A realização de debates e tribunas públicas de solidariedade com a luta do povo do Sahara Ocidental e o seu direito à autodeterminação.

A realização de caravanas de solidariedade aos acampamentos de refugiados, de forma divulgar e sensibilizar a opinião pública portuguesa para a justa causa deste povo.

A recepção de delegações da Frente Polisário em Portugal.

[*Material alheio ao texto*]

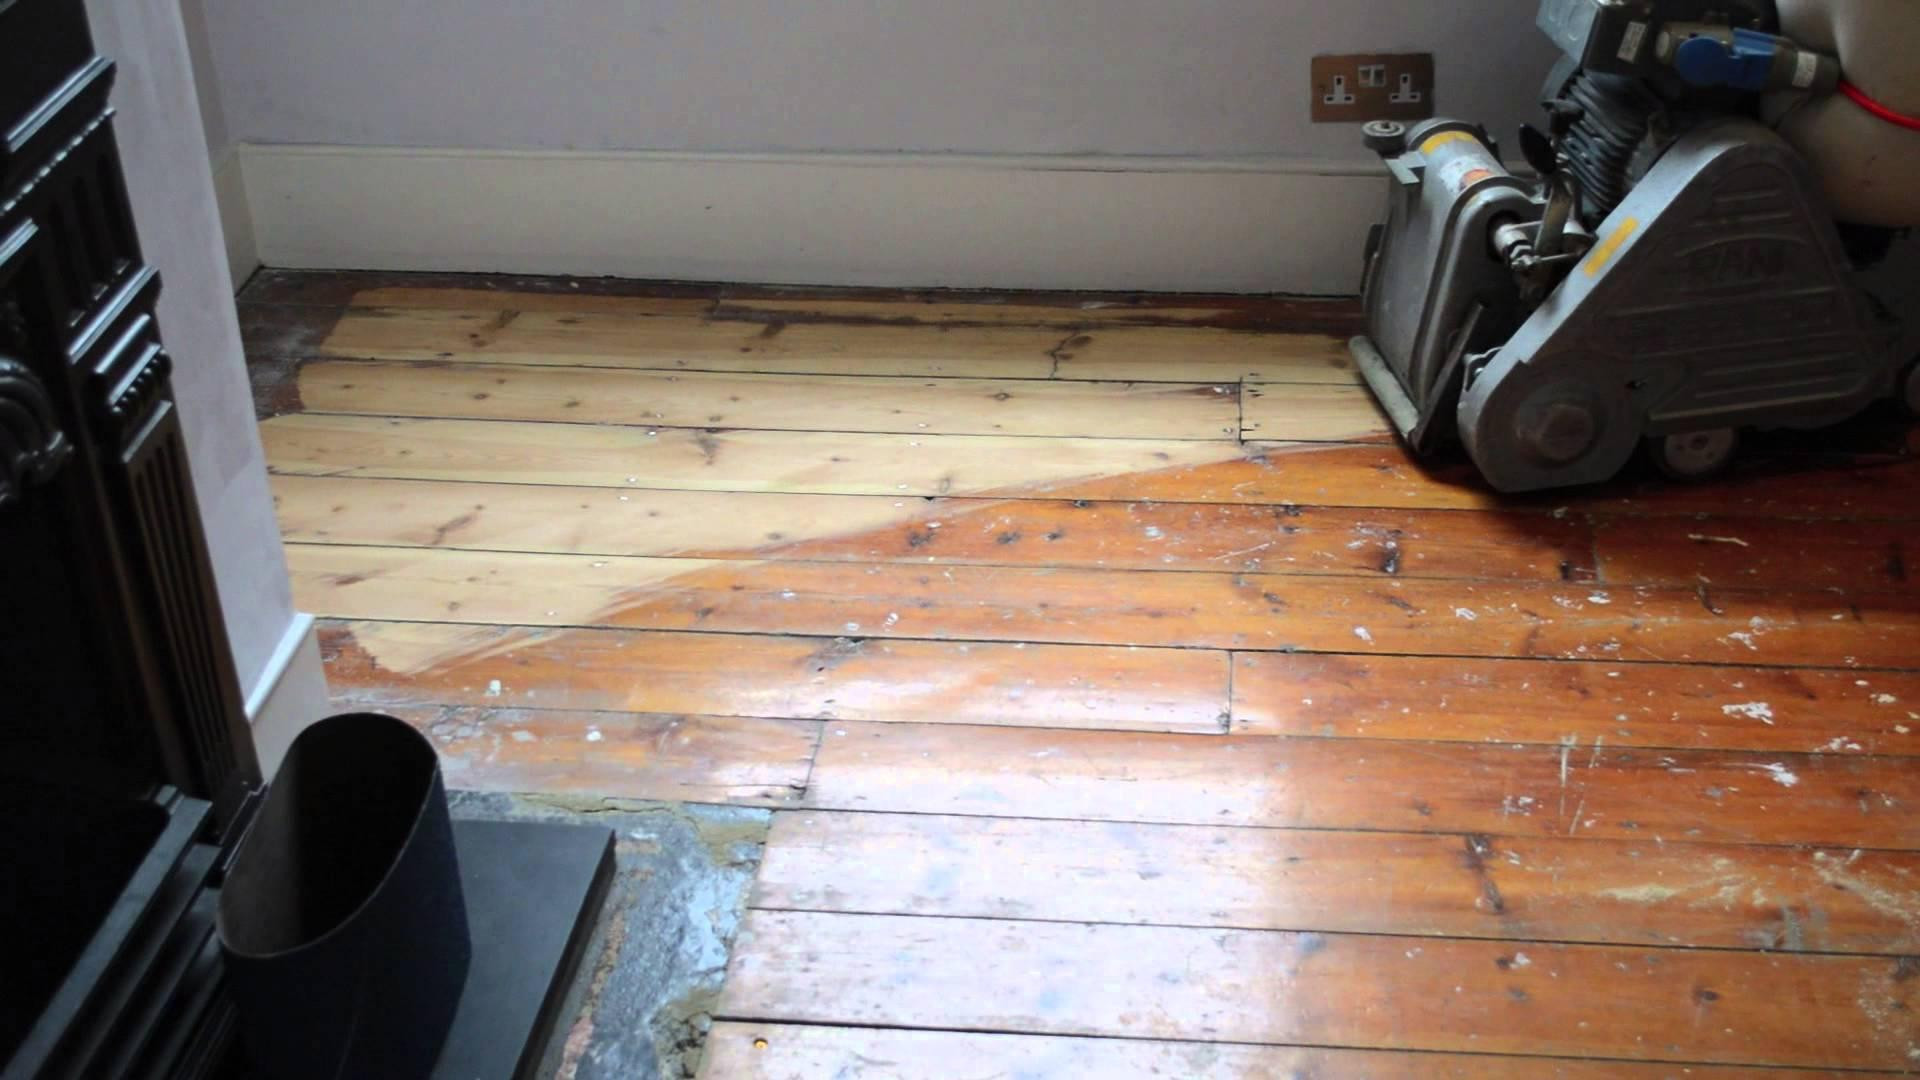 Hardwood Flooring Youtube Of Luxury Of Diy Wood Floor Refinishing Collection In Diy Wood Floor Refinishing Unique Floor Sanding with Frank Belt Sander 24 Grit Belt

Ou ainda a intervenção que realiza com o Conselho Mundial da Paz pela expressão da condenação da ocupação ilegítima do Sahara Ocidental pelo Reino de Marrocos e da solidariedade com a luta do povo saharaui.

Num momento em que se agudiza uma grave crise económica e financeira, com repercussões ao nível mundial, e que se verifica uma ofensiva contra as conquistas dos trabalhadores e dos povos, alcançadas em décadas de luta.

Num momento em que as principais potências da NATO promovem a guerra e ameaças de novas escaladas de agressões que mais não visam do que abater a resistência dos povos em defesa da sua soberania e indepedência nacional, de forma a dominar mercados ou regiões de importância geoestratégica para os seus interesses.

O CPPC considera fundamental fortalecer a luta contra a ingerência e a guerra, pela defesa da paz, pela solidariedade com todos os povos vítimas do colonialismo, da ocupação, da agressão, da ingerência, de bloqueios económicos e políticos que ferem o seu direito a decidirem livremente e soberanamente o seu presente e futuro.

Fazendo jus e no respeito à letra e ao espírito do consagrado no artigo 7º da Constituição da República Portuguesa, que consagra a rejeição do colonialismo e do imperialismo e o direito dos povos a resistir à ocupação e a decidir do seu próprio destino, o CPPC reafirma o seu apoio à luta do povo saharaui, com a certeza de que as conclusões emanadas nestas conferência contribuirão para fortalecer o movimento de solidariedade para com a sua causa emancipadora.

Viva a luta do Povo Saharaui!
Viva a solidariedade entre os Povos!
Pela Paz todos juntos não somos demais!»